▸ Information shown:

=====

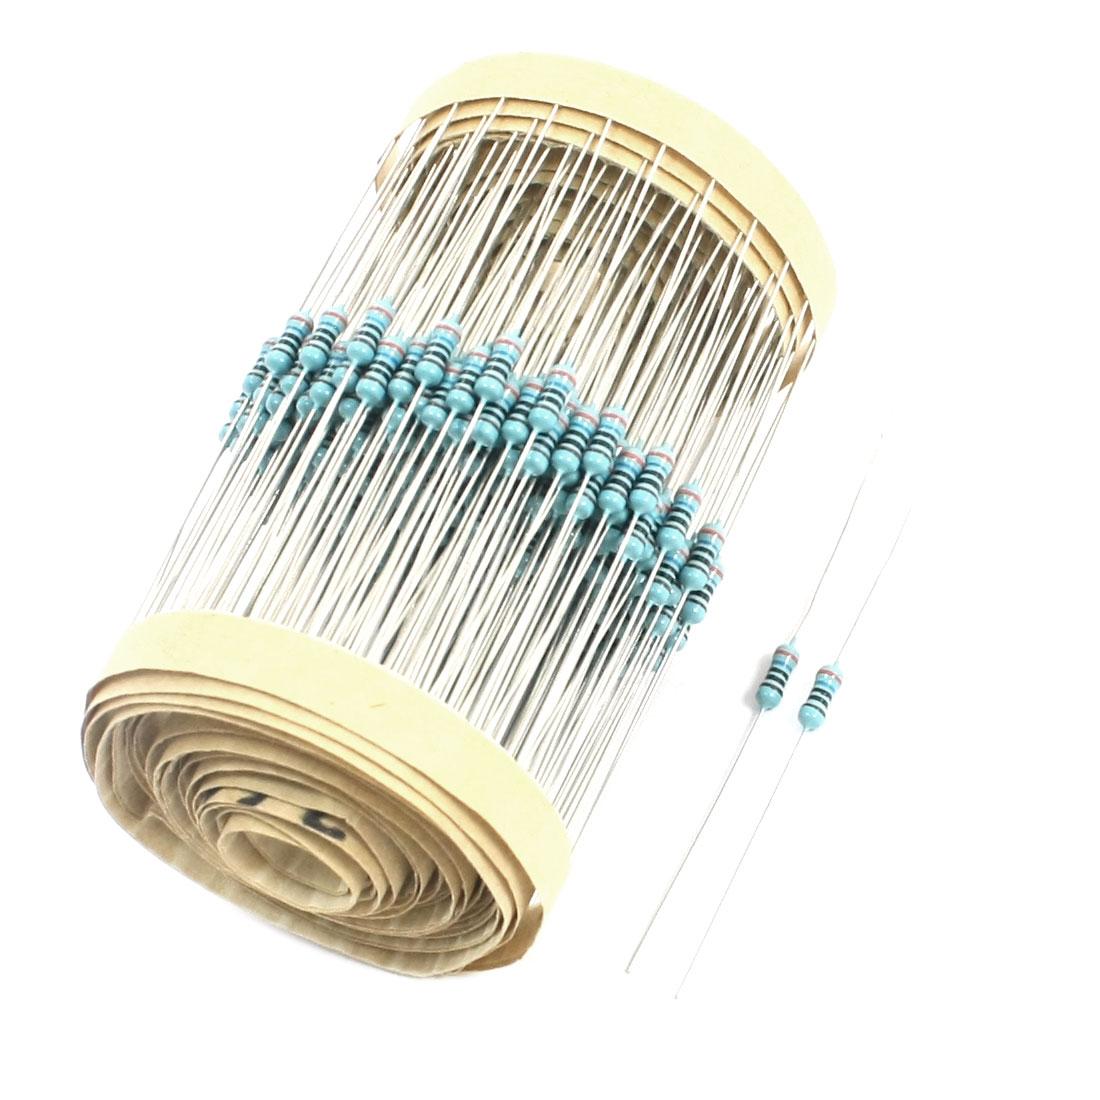 300PCS 0.25W 360 Ohm 1% Tolerance 6x2mm Axial Lead Metal Film Resistor
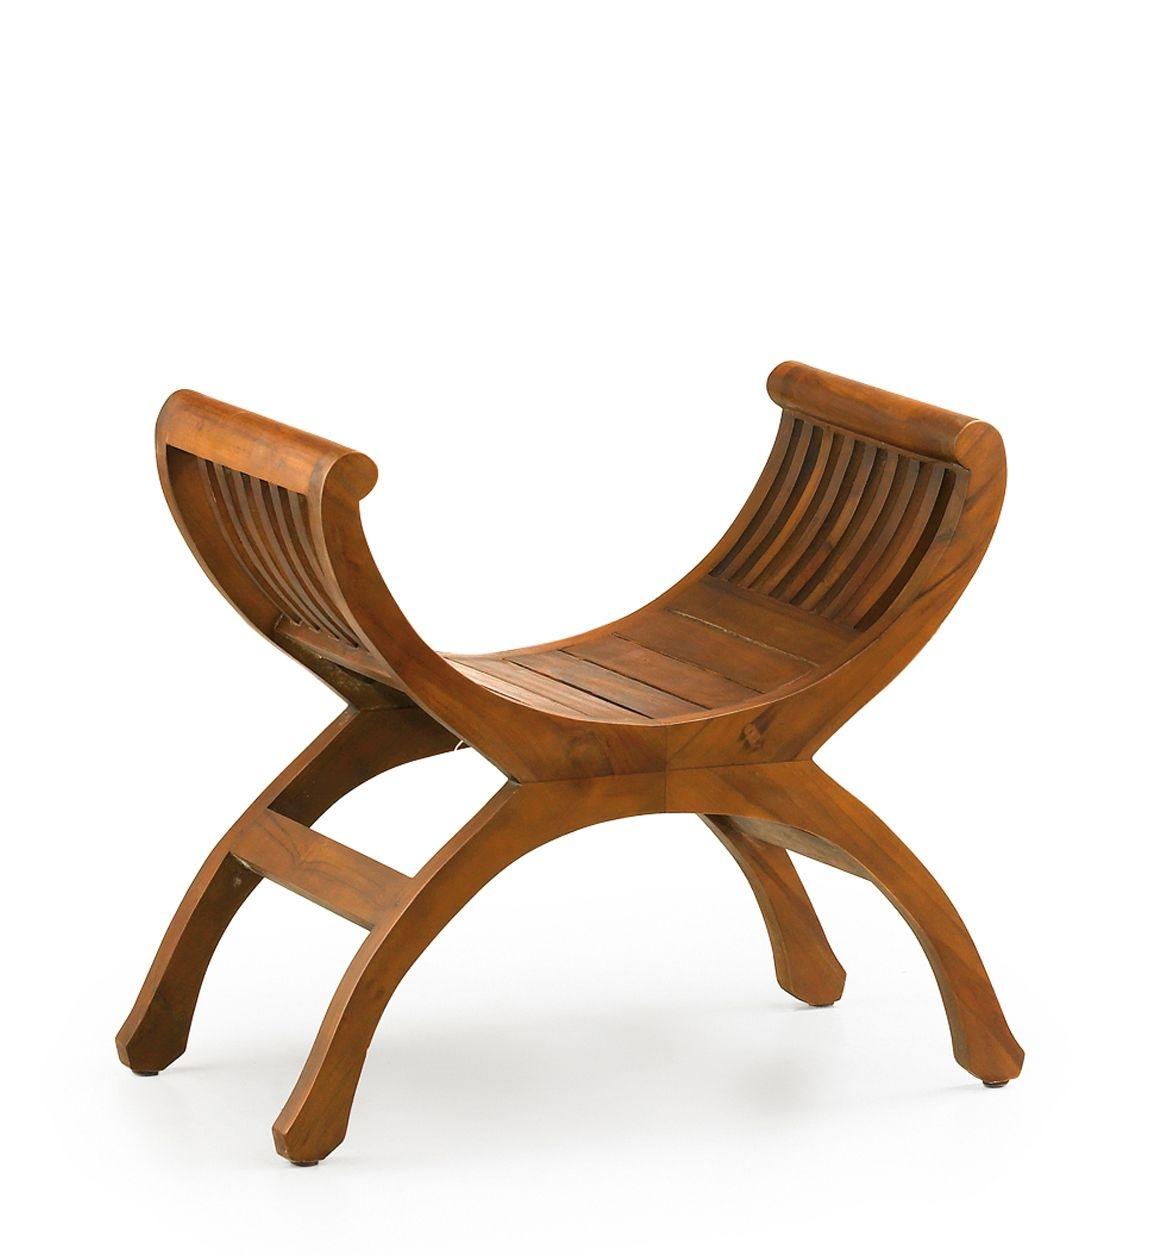 Taburet din lemn, Yuyu Nuc, l62xA35xH60 cm imagine
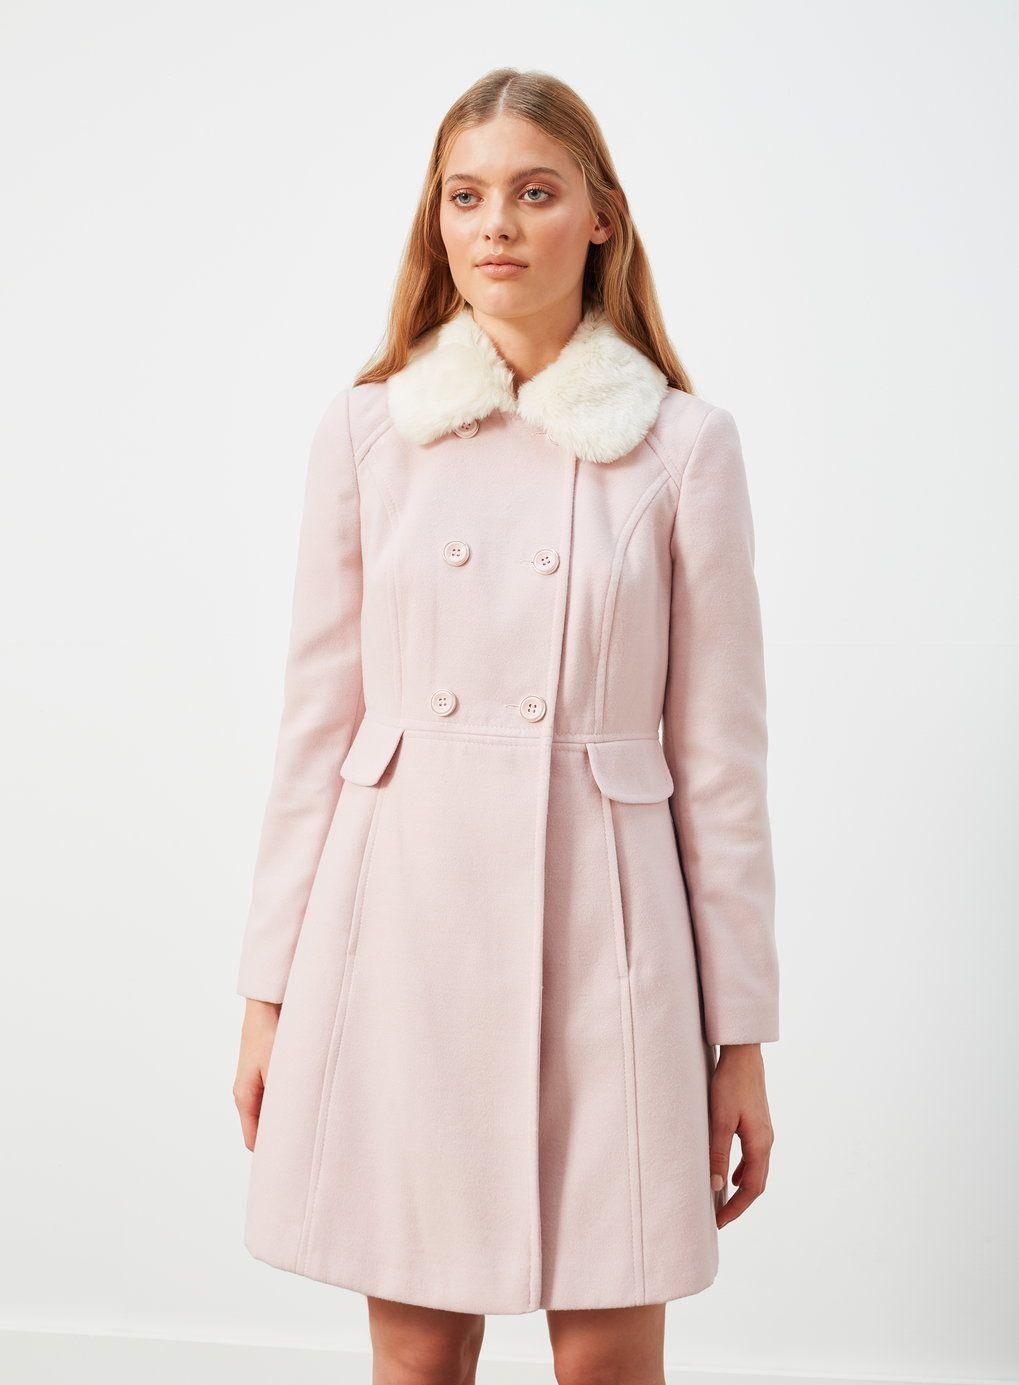 9239574e856b6 Faux Fur Collar Button Coat - Miss Selfridge
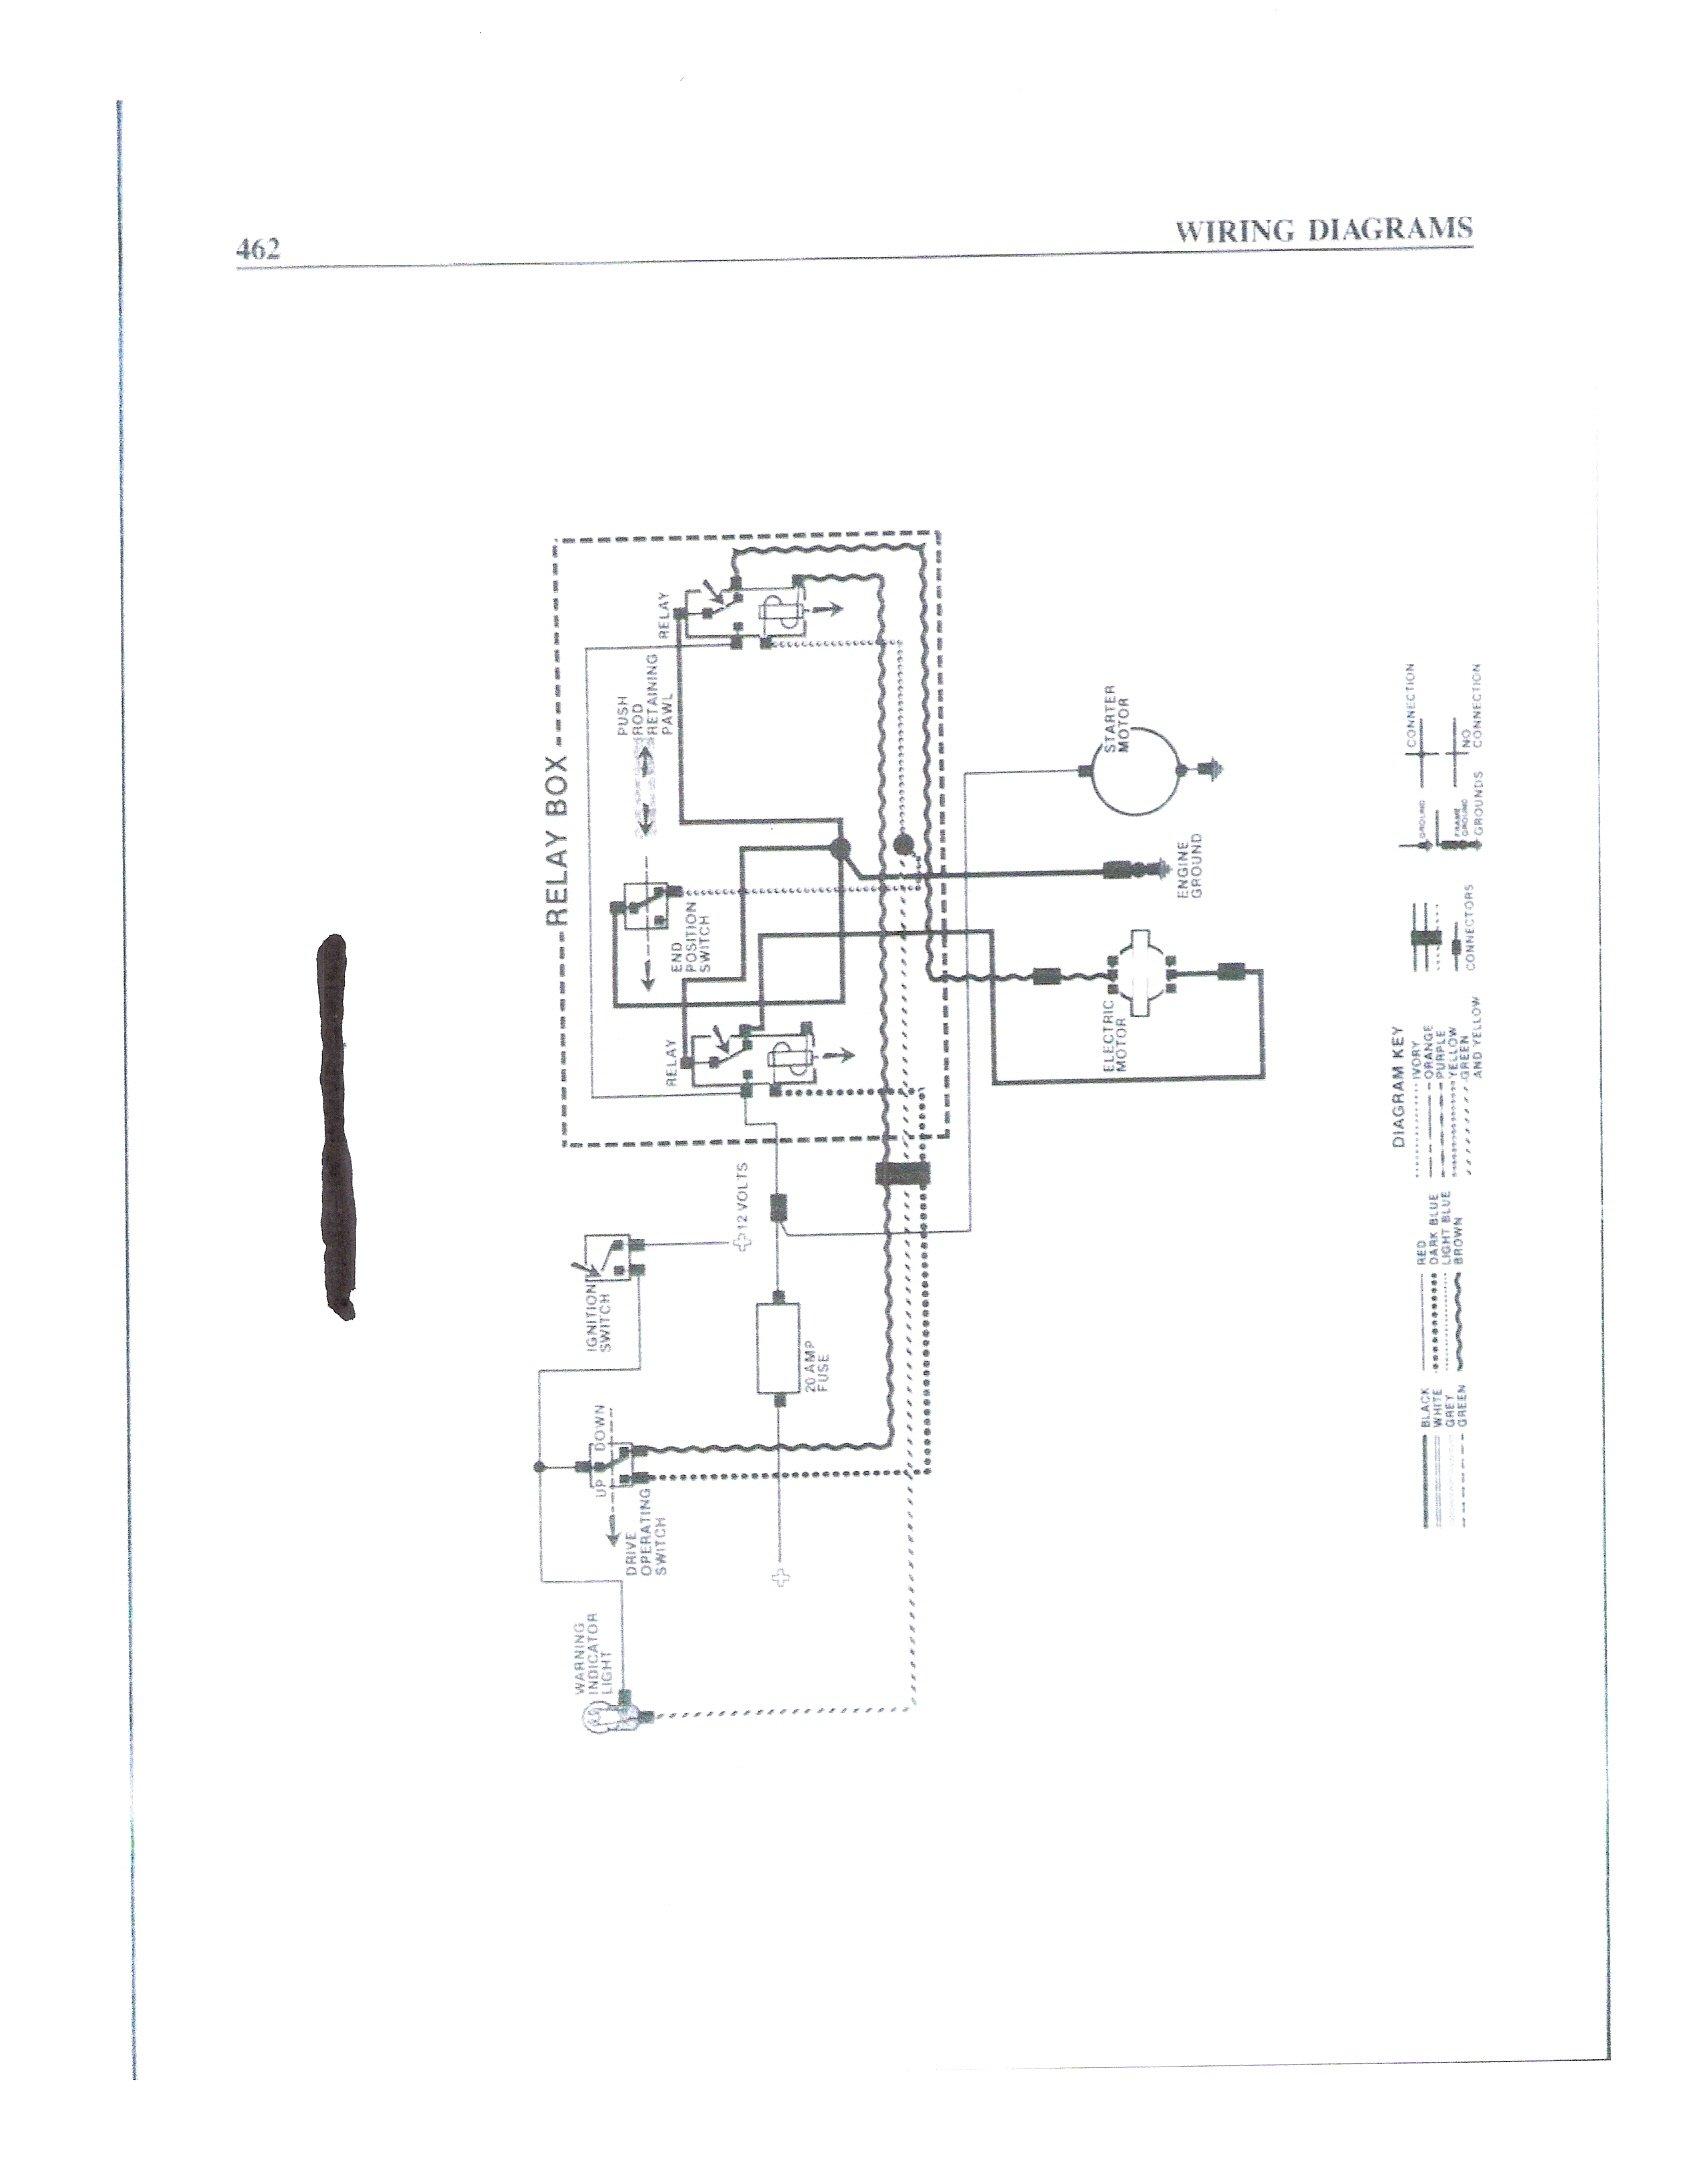 Diagram Ford Capri Workshop Wiring Diagram Full Version Hd Quality Wiring Diagram Sitexpitts Filmarco It

=====

▸ Assignment: Your task is to write out, exactly and without pictures, only the lines from the one holding "9239574e856b6 Faux Fur" to the last line of the data.

▸ Solution:
 9239574e856b6 Faux Fur Collar Button Coat - Miss Selfridge
 Diagram Ford Capri Workshop Wiring Diagram Full Version Hd Quality Wiring Diagram Sitexpitts Filmarco It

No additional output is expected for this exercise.